→ TASK DETAILS
Below is a listing with pictures in it; transcribe exactly the lines from the one that has "Promo Diskon Hingga 5% Mug Printing" through the one that has "House-in-La-Planicie-07", and omit those pictures.

→ SOURCE INFORMATION
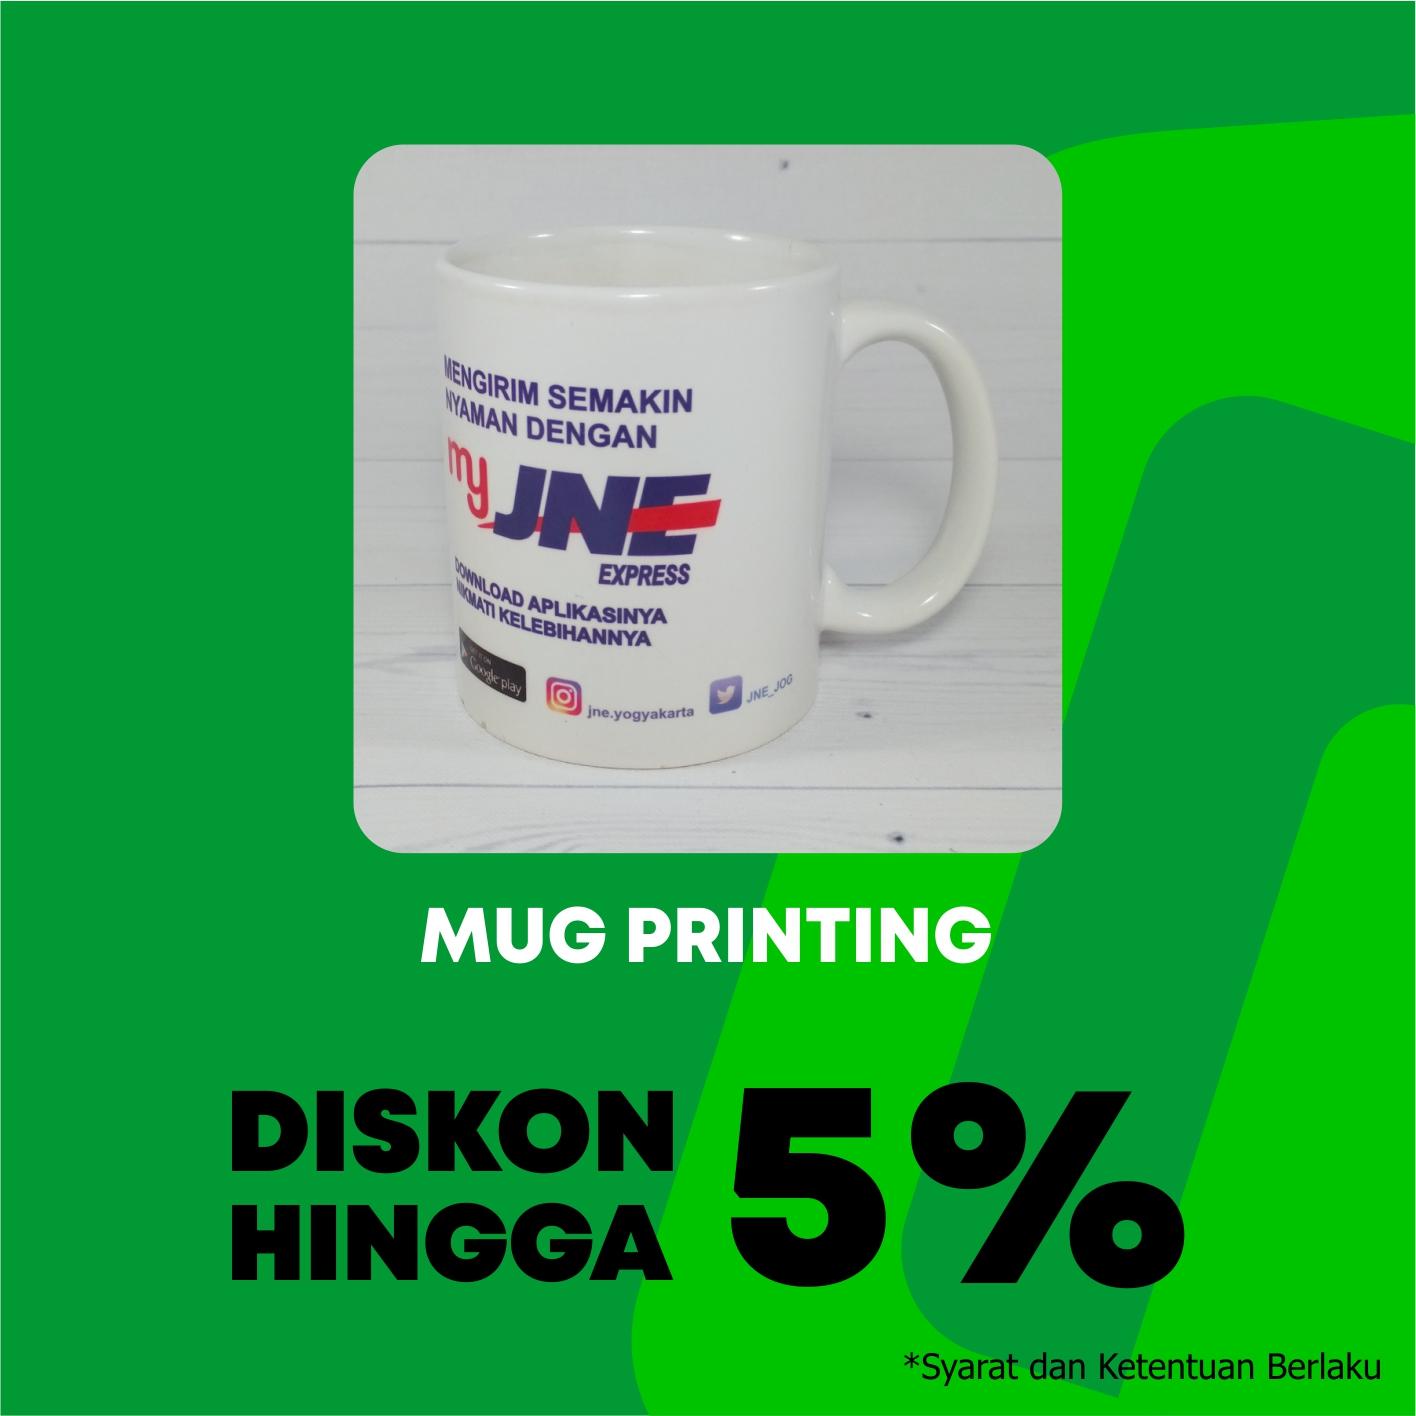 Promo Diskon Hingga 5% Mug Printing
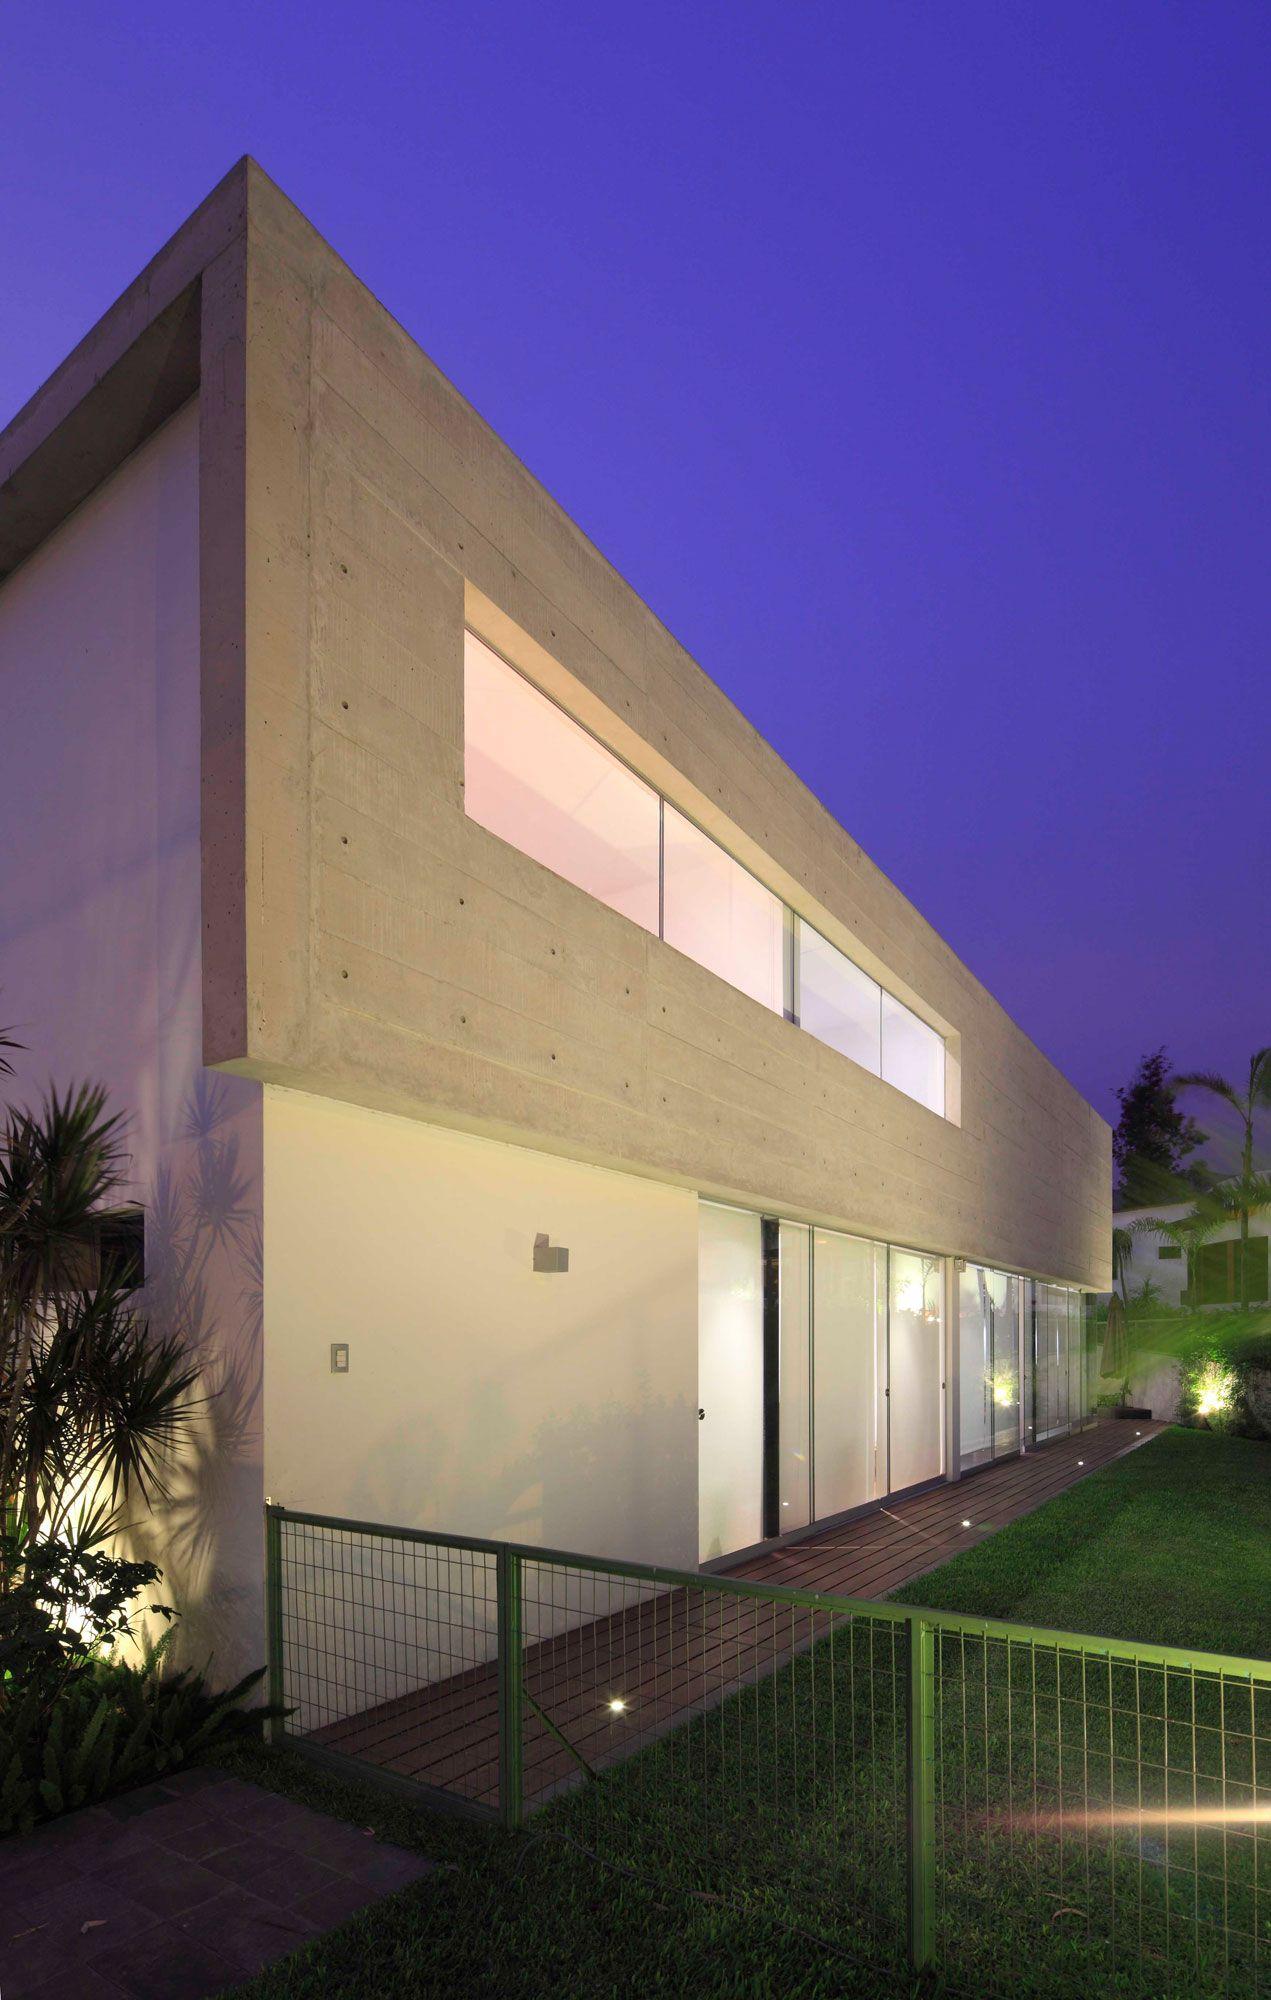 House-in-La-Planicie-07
* * *
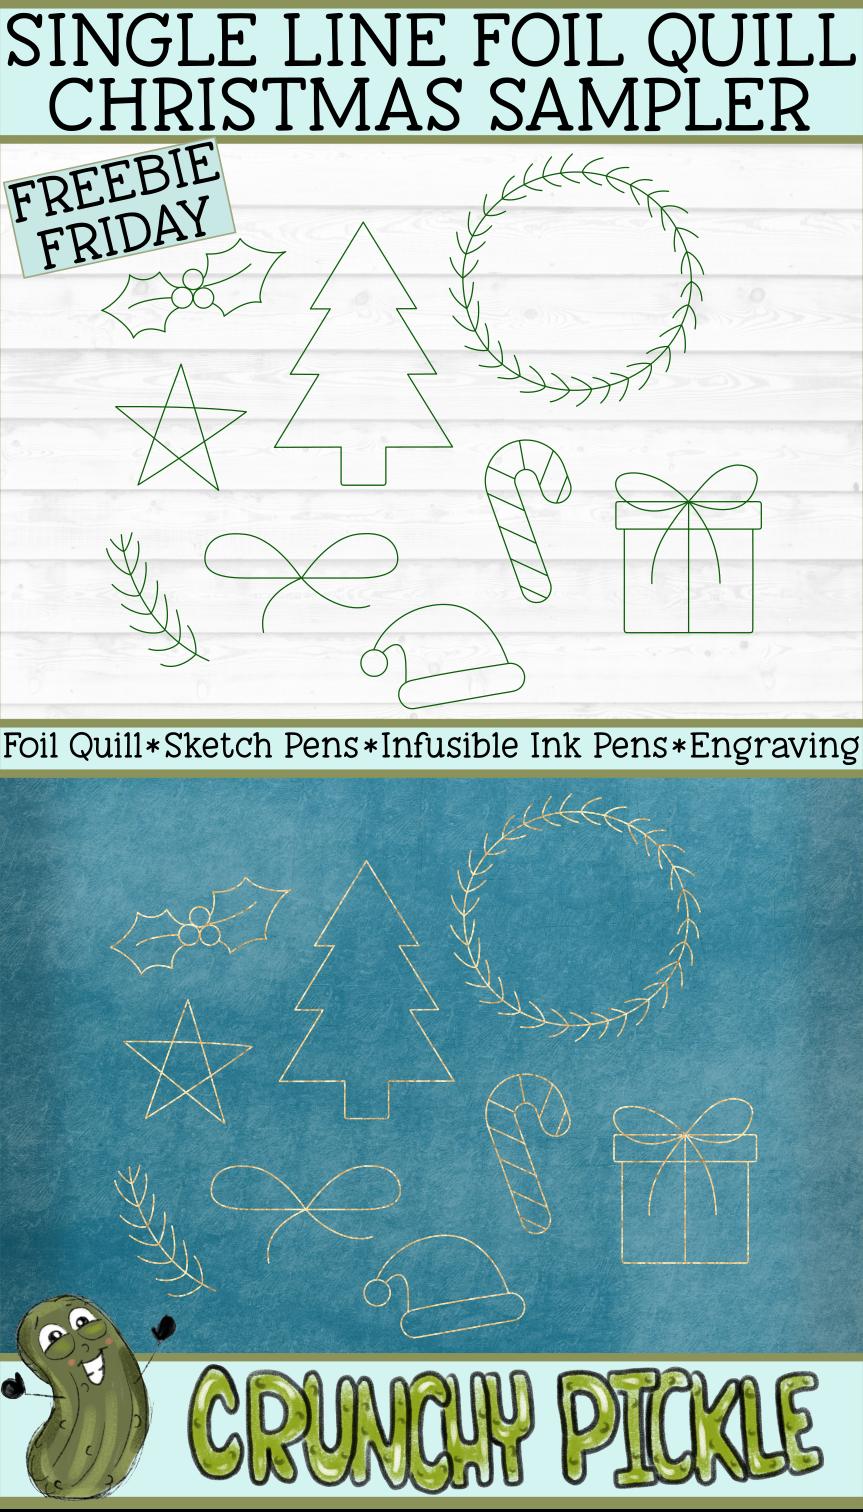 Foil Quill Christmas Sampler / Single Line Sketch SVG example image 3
==
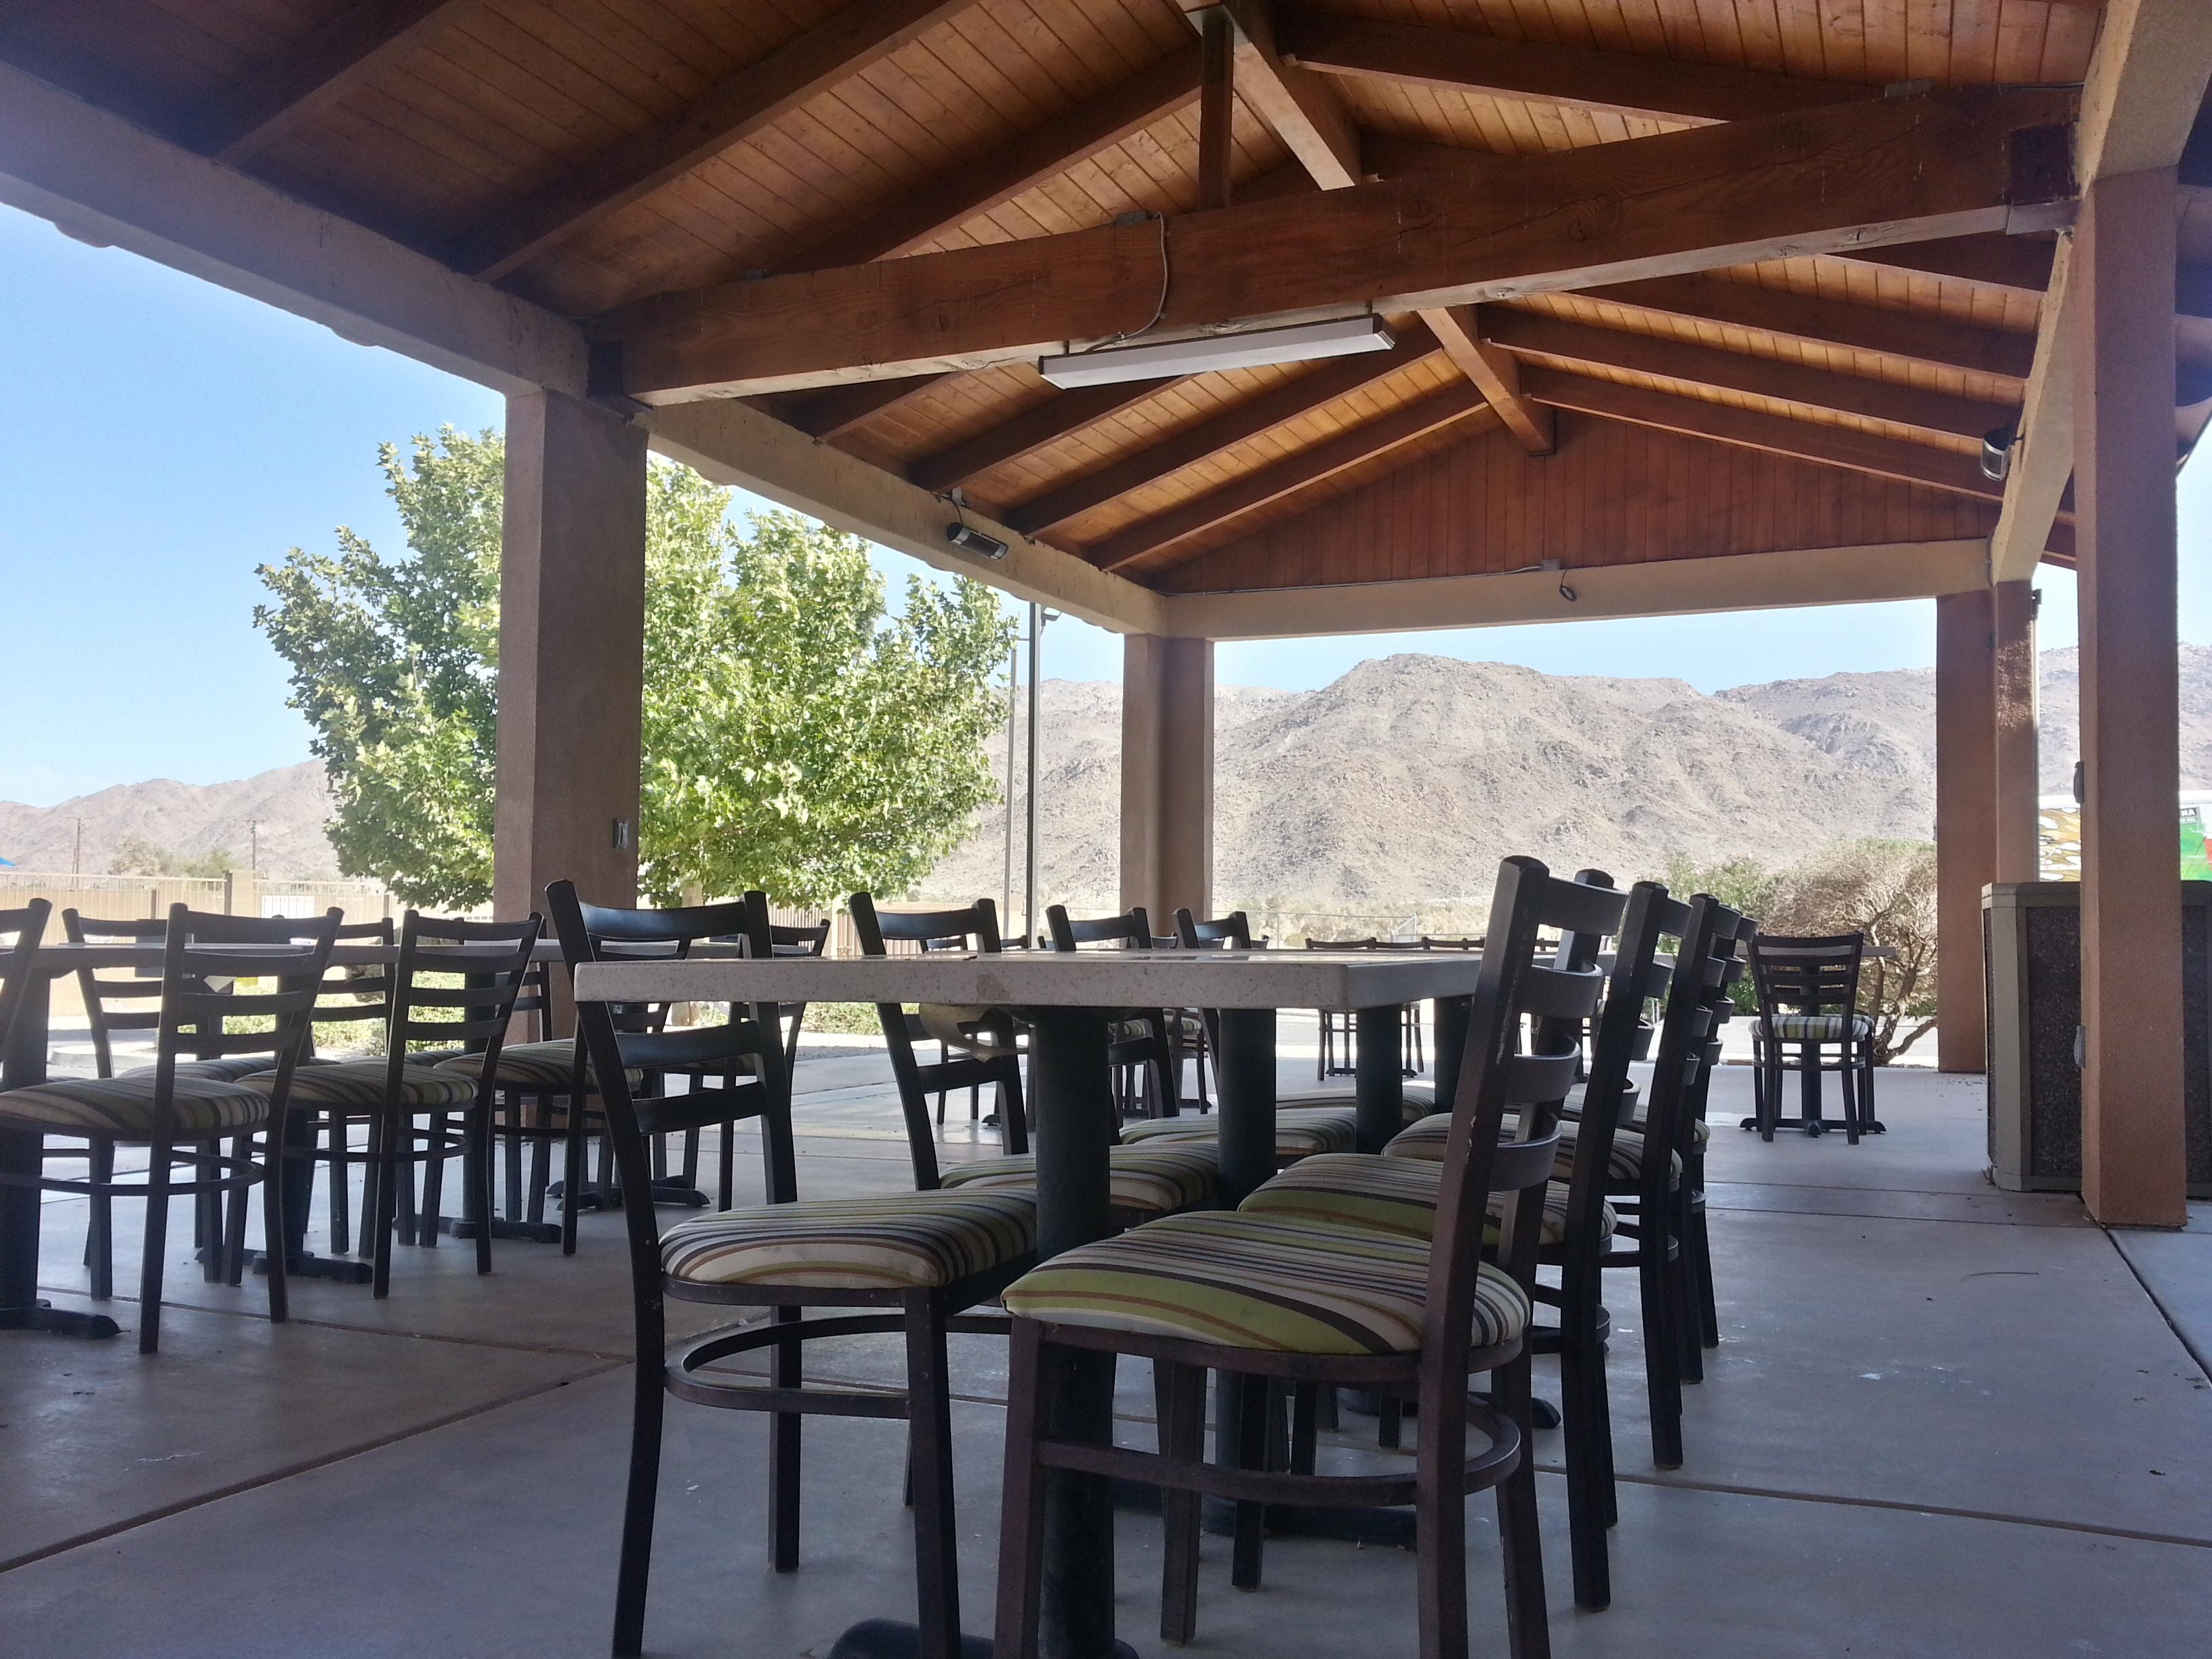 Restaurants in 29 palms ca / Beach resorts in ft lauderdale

→ EXERCISE ANSWER
 Promo Diskon Hingga 5% Mug Printing
 House-in-La-Planicie-07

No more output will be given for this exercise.